Data for the task »
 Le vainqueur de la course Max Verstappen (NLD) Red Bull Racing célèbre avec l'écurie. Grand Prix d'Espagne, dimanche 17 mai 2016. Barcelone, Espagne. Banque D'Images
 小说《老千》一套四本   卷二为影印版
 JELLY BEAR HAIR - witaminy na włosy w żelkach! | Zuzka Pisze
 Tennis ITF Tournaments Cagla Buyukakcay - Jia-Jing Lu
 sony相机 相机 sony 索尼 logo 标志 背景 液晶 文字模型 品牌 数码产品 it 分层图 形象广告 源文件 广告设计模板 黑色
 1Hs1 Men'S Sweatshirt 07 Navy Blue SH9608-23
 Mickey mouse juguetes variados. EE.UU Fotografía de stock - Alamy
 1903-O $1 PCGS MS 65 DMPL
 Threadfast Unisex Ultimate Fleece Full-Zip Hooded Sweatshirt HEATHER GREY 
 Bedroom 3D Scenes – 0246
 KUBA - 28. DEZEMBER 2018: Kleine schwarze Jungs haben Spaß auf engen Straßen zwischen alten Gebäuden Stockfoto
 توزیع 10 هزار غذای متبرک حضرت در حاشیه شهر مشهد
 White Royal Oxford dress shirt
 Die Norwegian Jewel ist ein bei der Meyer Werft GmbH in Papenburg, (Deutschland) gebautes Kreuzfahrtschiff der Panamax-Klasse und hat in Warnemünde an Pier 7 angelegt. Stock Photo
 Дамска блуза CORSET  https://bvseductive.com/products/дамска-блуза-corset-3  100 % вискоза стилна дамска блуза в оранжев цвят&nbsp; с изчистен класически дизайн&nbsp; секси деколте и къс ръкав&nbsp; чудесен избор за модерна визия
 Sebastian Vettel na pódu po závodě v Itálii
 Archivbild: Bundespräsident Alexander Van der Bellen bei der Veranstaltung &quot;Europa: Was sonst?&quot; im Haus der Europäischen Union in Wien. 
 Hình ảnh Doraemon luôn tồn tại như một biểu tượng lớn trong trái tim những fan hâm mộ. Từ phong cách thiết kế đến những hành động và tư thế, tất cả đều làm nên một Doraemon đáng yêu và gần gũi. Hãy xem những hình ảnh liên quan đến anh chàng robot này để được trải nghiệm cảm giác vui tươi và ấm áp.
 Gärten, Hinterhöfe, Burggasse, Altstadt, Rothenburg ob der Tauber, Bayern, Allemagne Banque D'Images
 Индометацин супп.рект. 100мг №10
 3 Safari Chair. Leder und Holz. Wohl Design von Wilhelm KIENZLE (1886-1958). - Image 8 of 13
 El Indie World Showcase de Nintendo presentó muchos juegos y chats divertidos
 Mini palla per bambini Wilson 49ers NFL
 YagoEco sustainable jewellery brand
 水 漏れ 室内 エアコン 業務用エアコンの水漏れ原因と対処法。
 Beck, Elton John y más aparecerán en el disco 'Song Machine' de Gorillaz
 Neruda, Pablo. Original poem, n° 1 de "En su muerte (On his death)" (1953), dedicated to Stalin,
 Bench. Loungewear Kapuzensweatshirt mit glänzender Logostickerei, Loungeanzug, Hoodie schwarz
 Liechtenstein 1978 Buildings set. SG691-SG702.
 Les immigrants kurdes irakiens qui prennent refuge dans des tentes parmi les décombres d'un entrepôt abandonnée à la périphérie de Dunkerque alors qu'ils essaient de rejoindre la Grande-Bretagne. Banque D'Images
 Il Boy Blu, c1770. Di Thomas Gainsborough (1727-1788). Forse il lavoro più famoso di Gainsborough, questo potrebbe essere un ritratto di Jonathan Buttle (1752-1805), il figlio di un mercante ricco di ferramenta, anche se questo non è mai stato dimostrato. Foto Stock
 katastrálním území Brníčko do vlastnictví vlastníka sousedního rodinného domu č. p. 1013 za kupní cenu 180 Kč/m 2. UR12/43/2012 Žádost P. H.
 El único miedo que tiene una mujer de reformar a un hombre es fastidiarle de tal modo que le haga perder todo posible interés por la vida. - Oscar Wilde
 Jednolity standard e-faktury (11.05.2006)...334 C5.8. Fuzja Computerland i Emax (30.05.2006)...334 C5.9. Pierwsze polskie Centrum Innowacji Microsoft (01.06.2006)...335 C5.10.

What needs to be done » Write the listing out once more, keeping each word as it is.

Response box »
 Le vainqueur de la course Max Verstappen (NLD) Red Bull Racing célèbre avec l'écurie. Grand Prix d'Espagne, dimanche 17 mai 2016. Barcelone, Espagne. Banque D'Images
 小说《老千》一套四本   卷二为影印版
 JELLY BEAR HAIR - witaminy na włosy w żelkach! | Zuzka Pisze
 Tennis ITF Tournaments Cagla Buyukakcay - Jia-Jing Lu
 sony相机 相机 sony 索尼 logo 标志 背景 液晶 文字模型 品牌 数码产品 it 分层图 形象广告 源文件 广告设计模板 黑色
 1Hs1 Men'S Sweatshirt 07 Navy Blue SH9608-23
 Mickey mouse juguetes variados. EE.UU Fotografía de stock - Alamy
 1903-O $1 PCGS MS 65 DMPL
 Threadfast Unisex Ultimate Fleece Full-Zip Hooded Sweatshirt HEATHER GREY 
 Bedroom 3D Scenes – 0246
 KUBA - 28. DEZEMBER 2018: Kleine schwarze Jungs haben Spaß auf engen Straßen zwischen alten Gebäuden Stockfoto
 توزیع 10 هزار غذای متبرک حضرت در حاشیه شهر مشهد
 White Royal Oxford dress shirt
 Die Norwegian Jewel ist ein bei der Meyer Werft GmbH in Papenburg, (Deutschland) gebautes Kreuzfahrtschiff der Panamax-Klasse und hat in Warnemünde an Pier 7 angelegt. Stock Photo
 Дамска блуза CORSET  https://bvseductive.com/products/дамска-блуза-corset-3  100 % вискоза стилна дамска блуза в оранжев цвят&nbsp; с изчистен класически дизайн&nbsp; секси деколте и къс ръкав&nbsp; чудесен избор за модерна визия
 Sebastian Vettel na pódu po závodě v Itálii
 Archivbild: Bundespräsident Alexander Van der Bellen bei der Veranstaltung &quot;Europa: Was sonst?&quot; im Haus der Europäischen Union in Wien. 
 Hình ảnh Doraemon luôn tồn tại như một biểu tượng lớn trong trái tim những fan hâm mộ. Từ phong cách thiết kế đến những hành động và tư thế, tất cả đều làm nên một Doraemon đáng yêu và gần gũi. Hãy xem những hình ảnh liên quan đến anh chàng robot này để được trải nghiệm cảm giác vui tươi và ấm áp.
 Gärten, Hinterhöfe, Burggasse, Altstadt, Rothenburg ob der Tauber, Bayern, Allemagne Banque D'Images
 Индометацин супп.рект. 100мг №10
 3 Safari Chair. Leder und Holz. Wohl Design von Wilhelm KIENZLE (1886-1958). - Image 8 of 13
 El Indie World Showcase de Nintendo presentó muchos juegos y chats divertidos
 Mini palla per bambini Wilson 49ers NFL
 YagoEco sustainable jewellery brand
 水 漏れ 室内 エアコン 業務用エアコンの水漏れ原因と対処法。
 Beck, Elton John y más aparecerán en el disco 'Song Machine' de Gorillaz
 Neruda, Pablo. Original poem, n° 1 de "En su muerte (On his death)" (1953), dedicated to Stalin,
 Bench. Loungewear Kapuzensweatshirt mit glänzender Logostickerei, Loungeanzug, Hoodie schwarz
 Liechtenstein 1978 Buildings set. SG691-SG702.
 Les immigrants kurdes irakiens qui prennent refuge dans des tentes parmi les décombres d'un entrepôt abandonnée à la périphérie de Dunkerque alors qu'ils essaient de rejoindre la Grande-Bretagne. Banque D'Images
 Il Boy Blu, c1770. Di Thomas Gainsborough (1727-1788). Forse il lavoro più famoso di Gainsborough, questo potrebbe essere un ritratto di Jonathan Buttle (1752-1805), il figlio di un mercante ricco di ferramenta, anche se questo non è mai stato dimostrato. Foto Stock
 katastrálním území Brníčko do vlastnictví vlastníka sousedního rodinného domu č. p. 1013 za kupní cenu 180 Kč/m 2. UR12/43/2012 Žádost P. H.
 El único miedo que tiene una mujer de reformar a un hombre es fastidiarle de tal modo que le haga perder todo posible interés por la vida. - Oscar Wilde
 Jednolity standard e-faktury (11.05.2006)...334 C5.8. Fuzja Computerland i Emax (30.05.2006)...334 C5.9. Pierwsze polskie Centrum Innowacji Microsoft (01.06.2006)...335 C5.10.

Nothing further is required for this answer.